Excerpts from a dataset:
════

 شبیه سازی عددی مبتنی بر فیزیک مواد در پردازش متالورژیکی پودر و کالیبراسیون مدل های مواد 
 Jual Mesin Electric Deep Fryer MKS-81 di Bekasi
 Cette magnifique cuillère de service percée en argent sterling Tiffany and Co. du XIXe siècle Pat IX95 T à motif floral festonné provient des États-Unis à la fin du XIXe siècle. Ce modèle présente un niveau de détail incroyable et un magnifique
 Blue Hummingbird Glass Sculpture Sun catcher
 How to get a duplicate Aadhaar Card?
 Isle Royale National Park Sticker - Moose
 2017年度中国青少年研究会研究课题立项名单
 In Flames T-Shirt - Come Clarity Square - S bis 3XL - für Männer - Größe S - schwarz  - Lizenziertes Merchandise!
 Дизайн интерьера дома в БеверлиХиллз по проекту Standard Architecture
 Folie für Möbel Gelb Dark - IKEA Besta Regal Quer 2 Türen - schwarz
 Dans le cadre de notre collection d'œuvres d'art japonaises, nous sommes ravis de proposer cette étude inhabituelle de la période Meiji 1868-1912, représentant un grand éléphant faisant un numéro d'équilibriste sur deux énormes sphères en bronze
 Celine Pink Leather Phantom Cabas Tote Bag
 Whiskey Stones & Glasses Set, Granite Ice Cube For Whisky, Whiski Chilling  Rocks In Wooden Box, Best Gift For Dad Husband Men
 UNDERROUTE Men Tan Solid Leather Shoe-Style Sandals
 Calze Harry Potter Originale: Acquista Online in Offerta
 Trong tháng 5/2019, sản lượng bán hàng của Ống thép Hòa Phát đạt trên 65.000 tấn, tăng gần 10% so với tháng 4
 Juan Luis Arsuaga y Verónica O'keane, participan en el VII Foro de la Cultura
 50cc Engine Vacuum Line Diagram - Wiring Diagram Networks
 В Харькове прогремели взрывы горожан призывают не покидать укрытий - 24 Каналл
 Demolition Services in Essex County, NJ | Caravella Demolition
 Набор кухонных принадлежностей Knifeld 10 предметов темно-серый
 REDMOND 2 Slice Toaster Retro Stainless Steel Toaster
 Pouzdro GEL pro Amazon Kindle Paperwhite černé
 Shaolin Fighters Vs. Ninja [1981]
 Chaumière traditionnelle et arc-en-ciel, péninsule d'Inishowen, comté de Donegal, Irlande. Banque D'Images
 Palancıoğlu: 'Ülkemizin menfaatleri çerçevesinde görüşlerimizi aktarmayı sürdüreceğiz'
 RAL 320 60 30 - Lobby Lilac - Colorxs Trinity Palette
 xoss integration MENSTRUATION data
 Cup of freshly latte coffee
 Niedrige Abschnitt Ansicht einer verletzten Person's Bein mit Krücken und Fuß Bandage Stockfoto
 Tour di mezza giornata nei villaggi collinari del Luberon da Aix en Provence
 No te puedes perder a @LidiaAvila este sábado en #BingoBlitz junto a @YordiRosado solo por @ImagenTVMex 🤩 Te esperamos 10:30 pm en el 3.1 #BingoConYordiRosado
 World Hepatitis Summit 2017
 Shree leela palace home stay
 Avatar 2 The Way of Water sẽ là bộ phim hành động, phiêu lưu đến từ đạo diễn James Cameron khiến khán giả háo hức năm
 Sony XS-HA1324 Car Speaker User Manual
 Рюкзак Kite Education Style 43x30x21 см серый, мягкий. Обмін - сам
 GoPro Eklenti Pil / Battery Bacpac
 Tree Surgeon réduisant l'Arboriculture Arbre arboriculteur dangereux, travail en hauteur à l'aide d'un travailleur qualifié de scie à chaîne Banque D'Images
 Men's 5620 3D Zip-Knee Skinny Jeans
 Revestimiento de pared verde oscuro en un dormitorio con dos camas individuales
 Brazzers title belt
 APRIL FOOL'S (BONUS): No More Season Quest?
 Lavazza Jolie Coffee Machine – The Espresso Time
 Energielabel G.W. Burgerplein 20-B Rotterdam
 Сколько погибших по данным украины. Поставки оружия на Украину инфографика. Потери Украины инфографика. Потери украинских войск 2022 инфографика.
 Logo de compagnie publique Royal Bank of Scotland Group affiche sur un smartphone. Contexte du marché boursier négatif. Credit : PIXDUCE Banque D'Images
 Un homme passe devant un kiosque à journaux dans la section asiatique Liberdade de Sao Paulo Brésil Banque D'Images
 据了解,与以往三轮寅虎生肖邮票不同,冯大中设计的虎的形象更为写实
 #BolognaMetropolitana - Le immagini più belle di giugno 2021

════

- **PROBLEM DESCRIPTION**
Given the records above, reproduce precisely and only the lines between the line holding "Avatar 2 The" and the line holding "Energielabel G.W. Burgerplein 20-B Rotterdam", inclusive.

- **EXPECTED ANSWER**
 Avatar 2 The Way of Water sẽ là bộ phim hành động, phiêu lưu đến từ đạo diễn James Cameron khiến khán giả háo hức năm
 Sony XS-HA1324 Car Speaker User Manual
 Рюкзак Kite Education Style 43x30x21 см серый, мягкий. Обмін - сам
 GoPro Eklenti Pil / Battery Bacpac
 Tree Surgeon réduisant l'Arboriculture Arbre arboriculteur dangereux, travail en hauteur à l'aide d'un travailleur qualifié de scie à chaîne Banque D'Images
 Men's 5620 3D Zip-Knee Skinny Jeans
 Revestimiento de pared verde oscuro en un dormitorio con dos camas individuales
 Brazzers title belt
 APRIL FOOL'S (BONUS): No More Season Quest?
 Lavazza Jolie Coffee Machine – The Espresso Time
 Energielabel G.W. Burgerplein 20-B Rotterdam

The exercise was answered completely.